Sounds like these guys were channeling Xerox PARC - who had EVERYTHING, computer-wise; the mouse, Windows, etc. Xerox could be Microsoft and Apple combined today. But they were run by a bunch of “copier heads” who didn’t see the potential.
Anybody remember the Nokia 3310? This phone was HUGE for a couple of years from about year 2001 to 2003. Also very popular was the previous model which was bigger and had an exterior antenna. VERY durable. I somehow can't remember that earlier model number.
The problem for Nokia was that they could design the exterior, but they couldn’t get the battery life, CPU power or heat issues resolved and they certainly couldn’t get the software to actually, you know, work.
You get the impression this guy was one of the displaced Nokia employees who is now backing a bus squarely over someone’s career?
apple is a superior software company...software rules...
WSJ expects Nokia to recover and RIM to fail.
Tablet computers existed in 1992. I was selling them! Apple even brought out the Netwon. But the market wasn’t there.
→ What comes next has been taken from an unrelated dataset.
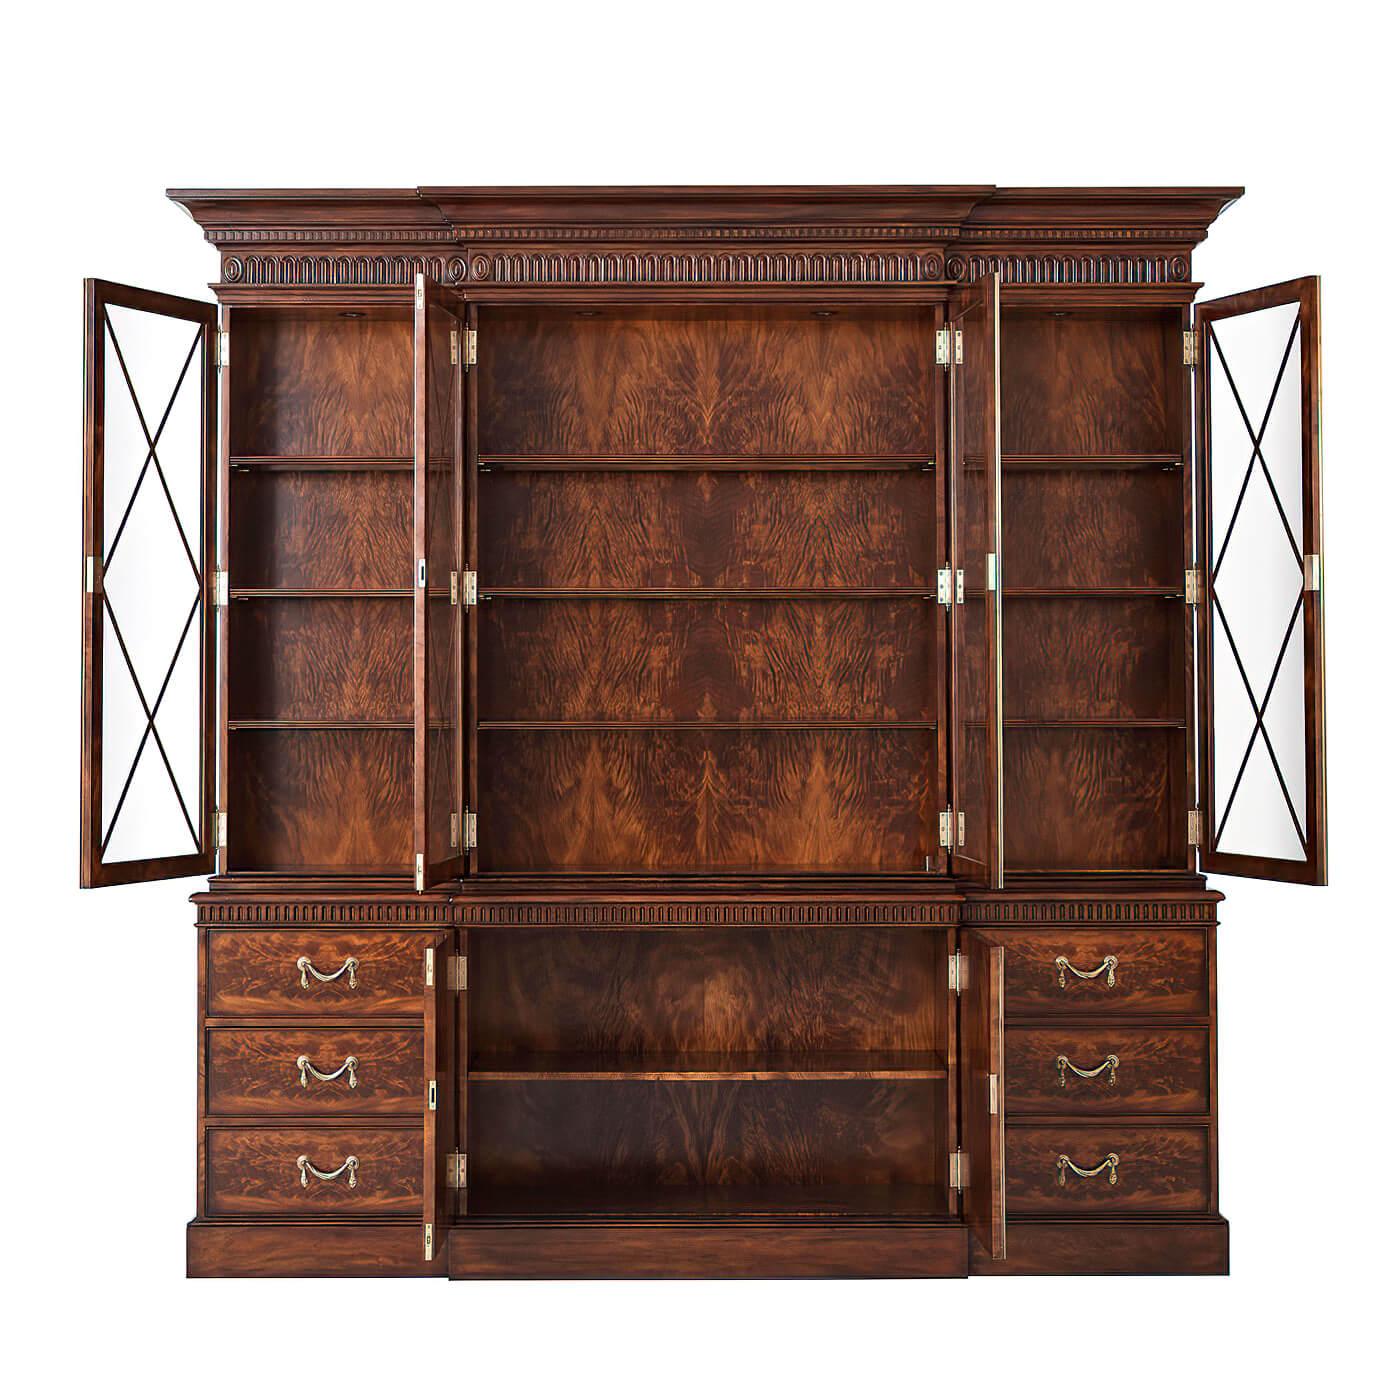 A George III style mahogany breakfront bookcase, the upper sections with a molded cornice above a fluted frieze ornamented with dentils and oval rosettes, the bold diamond lattice astragal glazed doors enclosing reeded edge shelves above two

Internet browsing smartphones existed long before the iPhone but they were expensive and marketed towards business not consumers. The iPhone used a Capacitive screen rather then the more dull Resistive screen and that made a huge differnece in the interactivity of the device. But other phone makers didn’t think consumers would spend that much money on a phone.
Well, we know how that worked out.
So even if Nokia engineers had an iPad device in the late 90’s, they would have failed marketing it.
And yet they didn’t produce it.... happens
Apple presented what is called a “disruptive technology”, and it caught on. Who’s going to disrupt Apple and with what? Steve and his craziness are gone, what’s, who’s next?
Nokia spent much money when the inferior WAP based browsing came out. Then came G3 and G4 and the iphone at the same time and the rest is history.
I remember using browsing cell phones with touch screen 2 or 3 years before my peers who would mock me using a “sidekick phone” while they retained their standard crappy num pads. Then all of a sudden the iphone came out with the G3 network, and I do not know what happened, but all of a sudden they all bought “sidekicks” and droids and iphones. I don’t know what Apple did that I did wrong in advertising that kind of tool.
I brought mine in 2002 and I am still using mine. It's been through the washing machine 3x and the river twice. The * key doesn't work but other than that it still works great including getting great reception & sound quality.
I don't need another toy to waste time on so I'm not upgrading anytime soon
In the 90's I had a prototype of a Tivo like device in my living room, we called it the VNR or VDR for Video Network Recorder or Video Disk Recorder.
It with a Motorola 68040 based set-top box. Some ex-Apple guys wrote the operating system and proprietary hardware accelerated video codec.
The device could either record to its internal hard drive or to the hard drive of a PC or Macintosh over ethernet. The ethernet could also be used to share the PC's internet connection and CPU power for encoding to the box.
It worked and it worked great, especially married to a Pentium class PC. You could either program it with VCR plus codes from the remote or using a desktop application and an online TV Guide. Among its features was purging commercials (to preserve valuable disk space of course), it could also record music and recognize and catalog songs with the internet connection. You could also import music from CD's using the PC's CD-ROM drive.
The product sat complete for more than a year as management dithered over shipping it. They feared litigation and while our counsel was confident they would prevail over Hollywood in court it was decided it wasn't a worth the trouble for such a niche product - they also thought the networking feature was essential and would be impossible to support. One executive beta tester complained his wife threatened to hang him with the ethernet cable he ran clear across the house. All they have to show for the effort is a few patents.
During this period the Apple guys were hired back by the recently returned Steve Jobs and people scattered to other projects.
At the end of 2001 Tivo had an install base of more than 300,000. The underlying platform of our device was installed on a couple cruise ships to deliver pay-per-view and unceremoniously abandoned a short time later.
We had the cute little Nokia 8210 that came out in ‘99 I think. One of their earliest internal antenna models. One red, one blue. Never could get much reception with either of them.
I was at the airport once and all these people are walking around talking on their phones. Mine? No service. So, I just walked around talking into it anyway so people wouldn’t think I was a loser.
It might have been the provider, Cingular. I couldn’t get service when I could see their antennas. Took it to the store several times and they just scratched their heads. Cingular blamed the phone. The phone didn’t have anything to say.